К осени у мыса быстро темнеет.

     Вдалеке уже мелькают фонари лодок, мужики вышли на ночной лов.

     Мы сидим у костерка, тлеют угли, там уже печется картошка. Для нее масло и брынза татарская припасены.

     — Да куда они подевались? — Олег волнуется.

     Он включает фары — видны фигурки на берегу. Это отец и дочь.

     Ира гладит отца по голове, раскачиваясь, как китайский болванчик, что-то говорит. Но даже вблизи ничего не услышишь из-за прибоя.

     Еще месяц, и никакие фары тут не нужны. Волны начнут светиться, будто у моря праздник какой.

     Морю всегда все равно.

Ставрида

 

Когда капитан Гюйс коптит рыбу — чтобы лезли, не любит.

     Я и сам не люблю, поэтому делаю, что велено — строгаю топором щепки: тюк-тюк.

     Жена Гюйса для копчения припасает корешки груши, сухую лозу винограда. И ветки вишни. Получается янтарь.

     Да что там янтарь? Золото червонное!

     У ног Букса. Рыжая дворняга, в холке до колена, с мордой лисы, один глаз открыт, другой закрыт. Если чужая лодка даже в полумиле от их причала, где качается катамаран, Букса ворчит.

     Жена развешивает белье, но ветер срывает его до прищепок. Не с моря ветер, со степи.

     — Гюйс, поди придержи!

     — У меня руки в рыбе!

     — Едрён патрон! Ну, вот всегда так!

     — Рита, я помогу.

     Ну, если разве что… Портки и рубахи развесили — манит пальцем, пошли. У нее заначка рядом с иконами и фотографией. На ней юная Рита в подвенечном, а Гюйс в берете морской пехоты.

     Апостол Николай косится на нас.

     Рита подмигивает. Наливает в наперстки что-то зеленое.

     Спрашиваю: плохо не будет?.. Не ссы! От спирта на мелиссе, лис­тах смородины и грецком орехе кто умер? Хоть кого из рыбаков спроси, от Ритиного шнапса умер ли кто? Пижон городской!

     — А капитану?

     Но мы оба знаем: стакан, другой, и не будет у нас никакой копченой ставриды.

     Почнет Гюйс вечную песнь, что, будь он половчей, поудачливей, — не сидел бы тут с нами на мысе Карантинном. Не препирался бы с женой из-за фигни. А входил бы уже в белом кителе на рубку парома. С трубкой в зубах. А вахтенный офицер уже выкрикивал бы: “Смирно! Капитан на мостике!”

     У обоих глаза цвета полыни.
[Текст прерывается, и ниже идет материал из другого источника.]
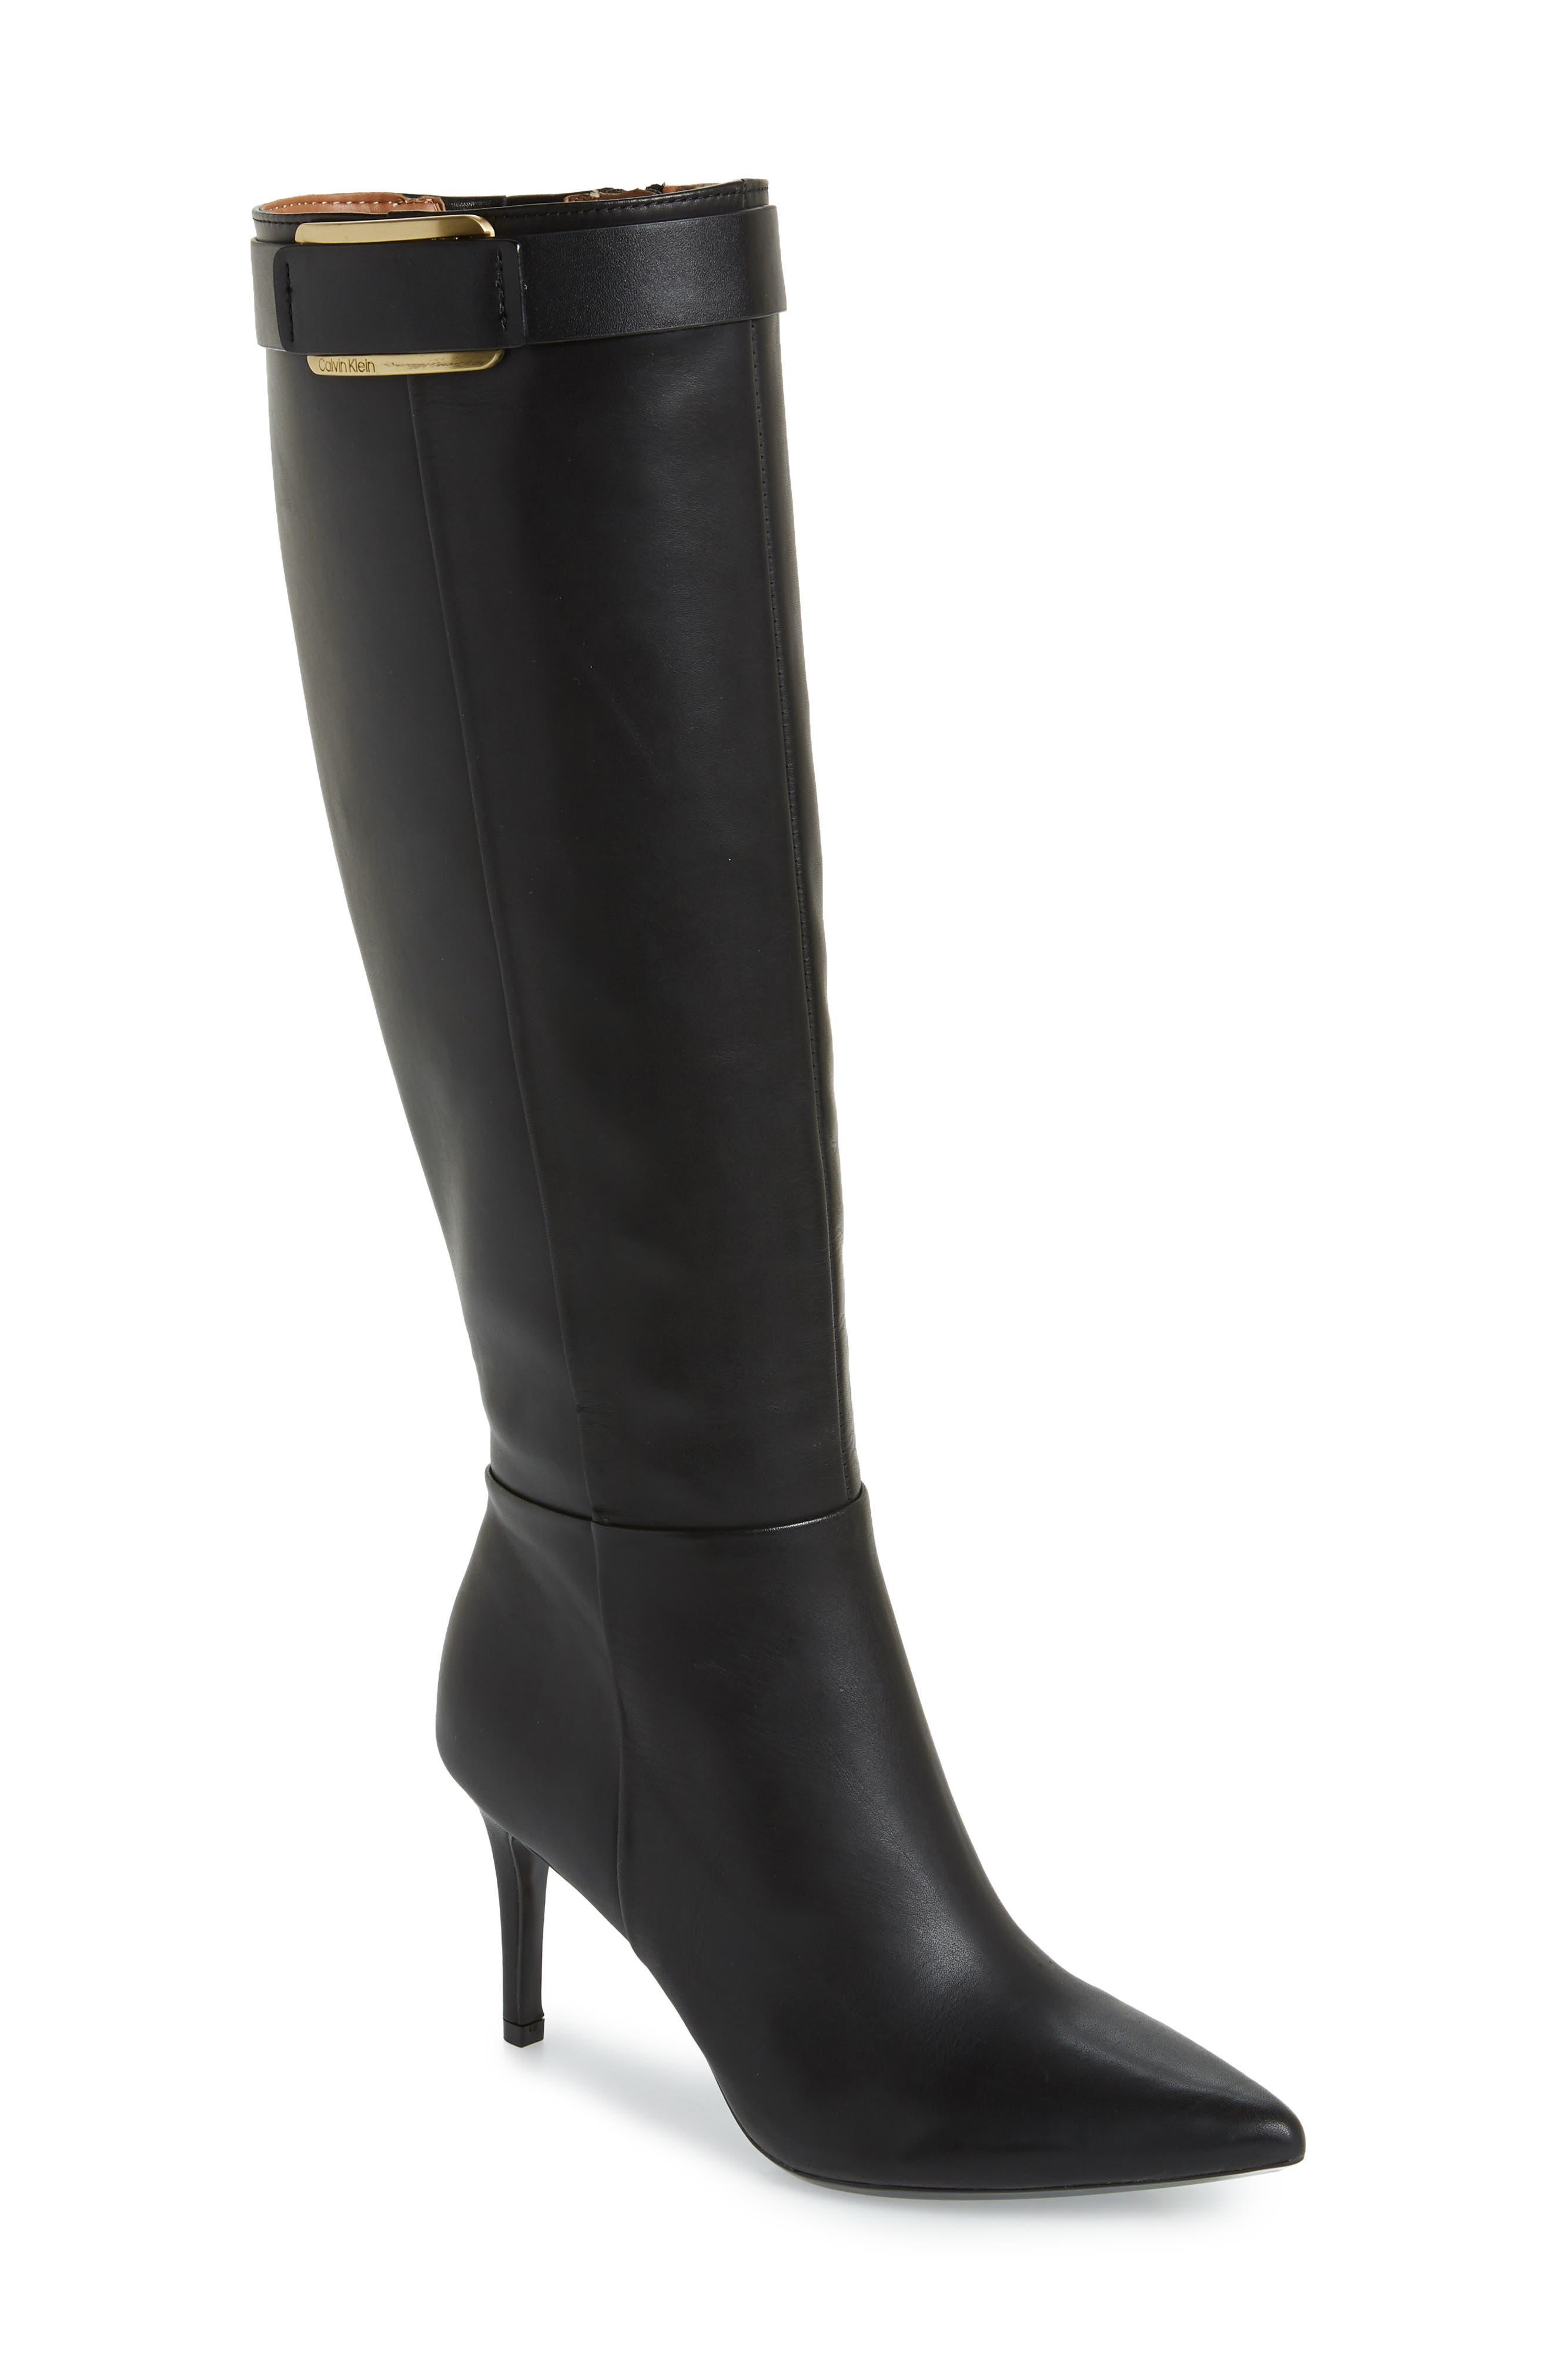 Calvin Klein Glydia Stiletto Knee High Boot Wide Calf- Black

С оттенком моря, каким оно бывает перед отливом.

     У сына тоже были такие, пока не утонул.

     Он теперь лежит на холме у дома; Гюйс приволок трактором валун, над валуном крест. Рита настояла. И разговаривала с ним всякий вечер как с живым. Гюйс думал, свихнется. И когда уж хотел показать ее другу-врачу в Киеве, — перестала. Каждый вечер на холме горит лампа: Рита зажигает — издалека видно рыбакам.
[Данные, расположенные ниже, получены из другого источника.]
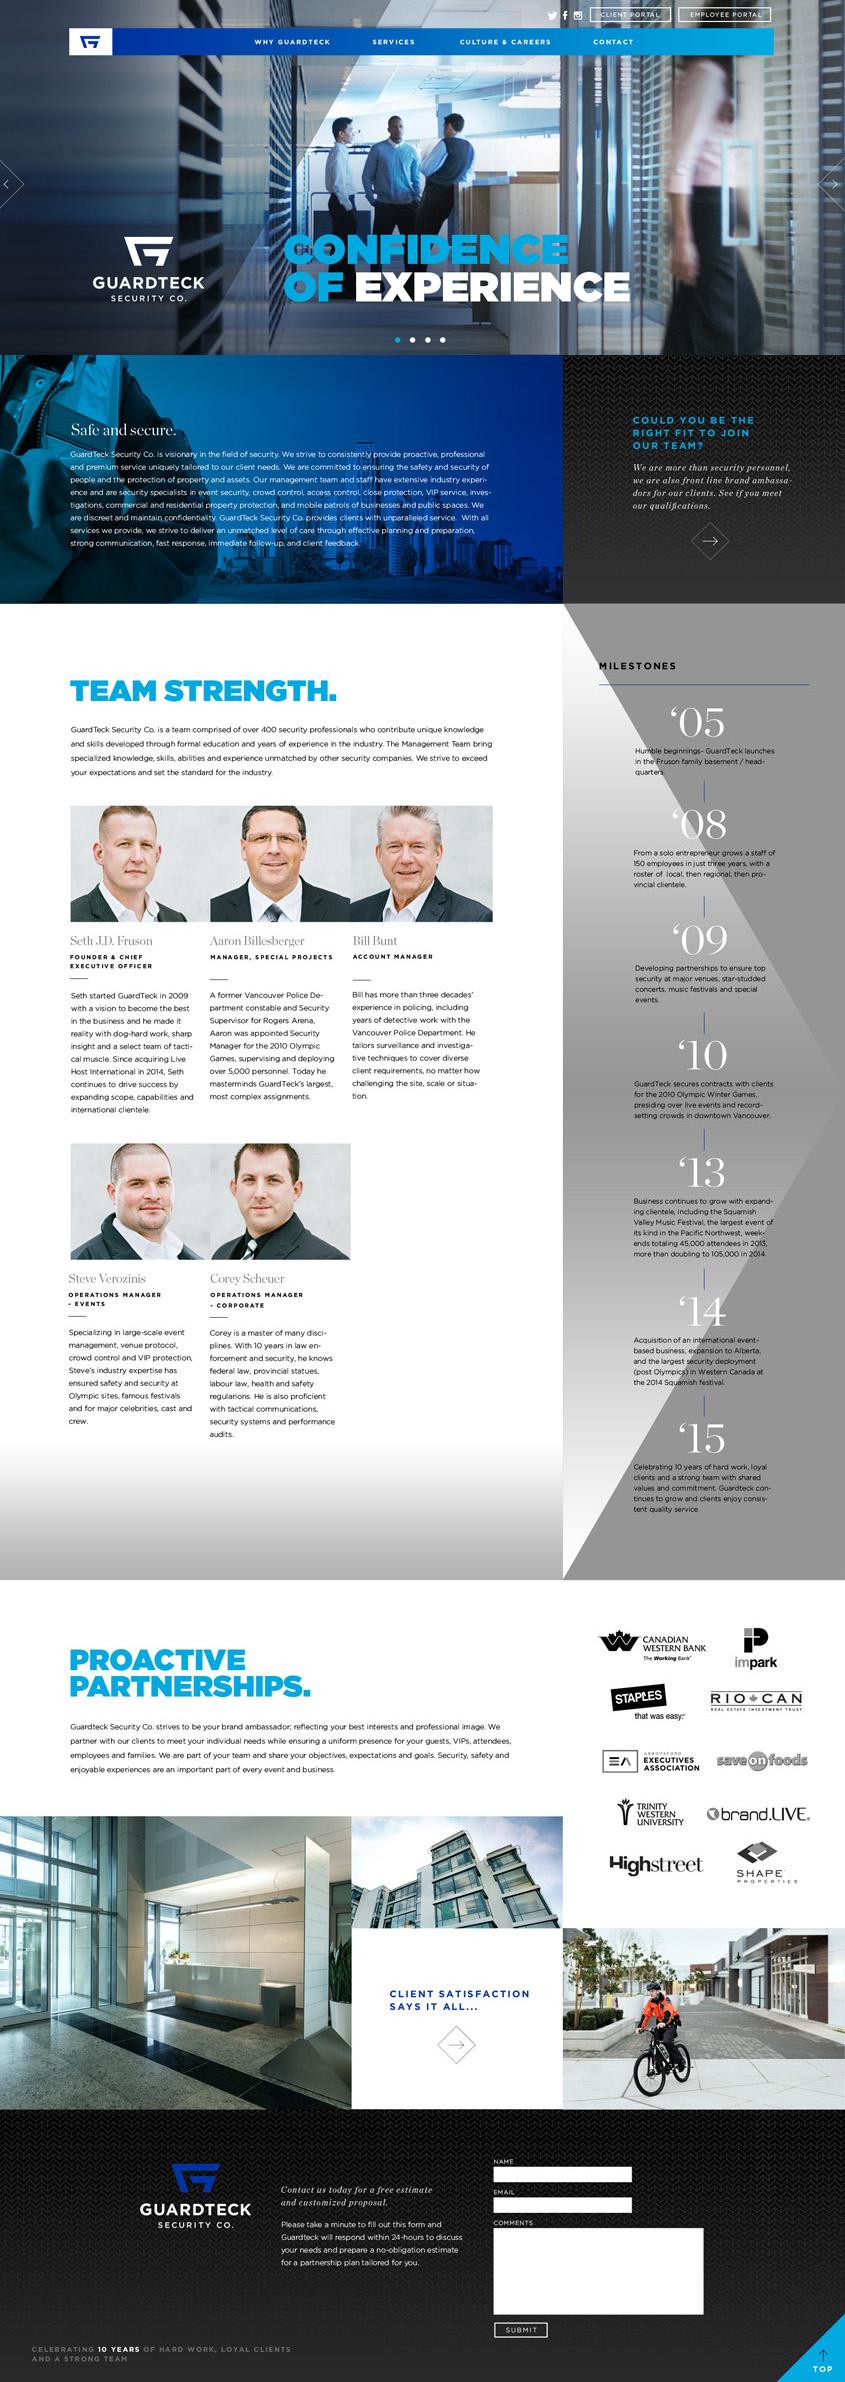 Guardteck_homepage1.jpg

     Ставриду Гюйс коптит гениально.

     Две бочки во дворе, приварены друг к другу, в нижней дверца. В землю вкопан диск от грузовика — идеальная ниша для костра. Сверху крышка с дырками.

     Сквозь бочку Гюйс продевает арматуру, на которую вешает рыбку. Помещается десяток ставрид. А к чему нам больше?
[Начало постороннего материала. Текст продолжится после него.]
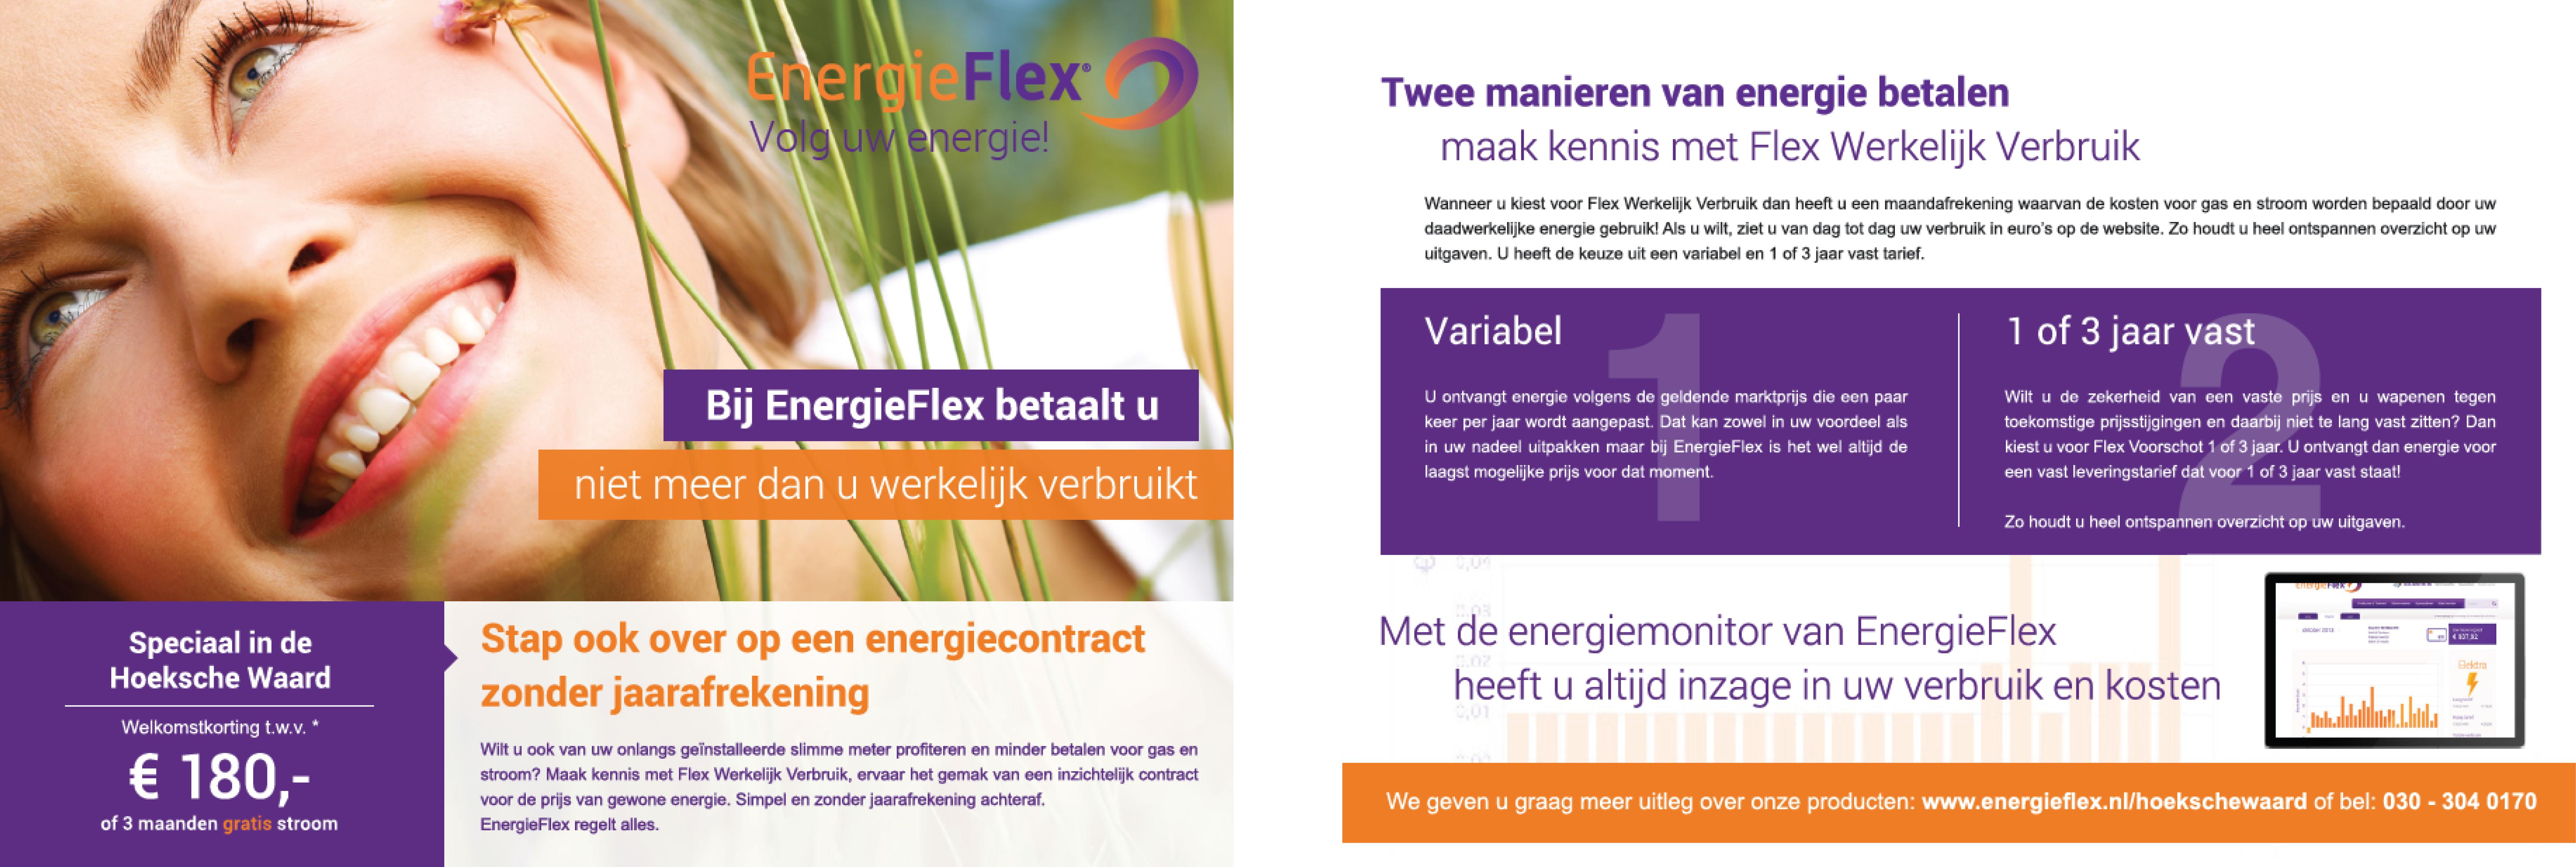 energieflex-image2

     Рита варит картофель.

     Дым внутри бочки лижет рыбьи бока.

     — И никакого жидкого дыму, халтура все это!

     А у Гюйса что за дым! Что за аромат! Если ветер в сторону мыса, весь поселок чует.

     Он открывает дверцу — и видно, как рыба серебряная становится золотой. Букса подходит, нюхает тоже, воздух невыносимо пряный.

     Так не пора ли снять одну для пробы? Не сыра ли внутри?

     Гюйс отрезает кусочек рыбины, кладет в рот. Жмурится, как морской черт. Цыкает языком и вешает назад.

     — Разве не готово, кэп?

     — Рано! Не тронь пока! Вот когда солнце уйдет, и будет уж время ей!

     У нас уже и картофель отварной в миске, одной на всех. Миска советская, желтой эмали, по ней маки нарисованы.

     Они любят намять картошку на масле семечковом. Да с юным укропцем. Укропец с грядок к осени в семена пошел, берегут на квашенье огурца. А для стола из теплицы — чистый изумруд.

     — Ух! Давай-ка за мою жену, за Риту! Правда, не знаю, как она меня еще терпит.

     — Я вас обоих терплю, засранцы, мореходы херовы, — незлобно поправляет жена Гюйса, наклоняя к стакашкам бутыль.

     Собираясь домой, я брал парочку ставрид, в пергаменте.

     Долго горячи бывали. И грели спину через рюкзак, пока спускаешься на велосипеде с холма.

     Звезды над трассой ночью холодны и равнодушны. Не то, что море. Море лижет ноги волнами до ноября. Может, и притворяется.

     Но у него на всех тепла хватает.

Млечный Путь

 

Что уж там съела жена Гюйса, но ее скрутило.

     Слушая стоны, мы поняли, что нынче не выйдем в море. Приняли по сотке под лук и сальце.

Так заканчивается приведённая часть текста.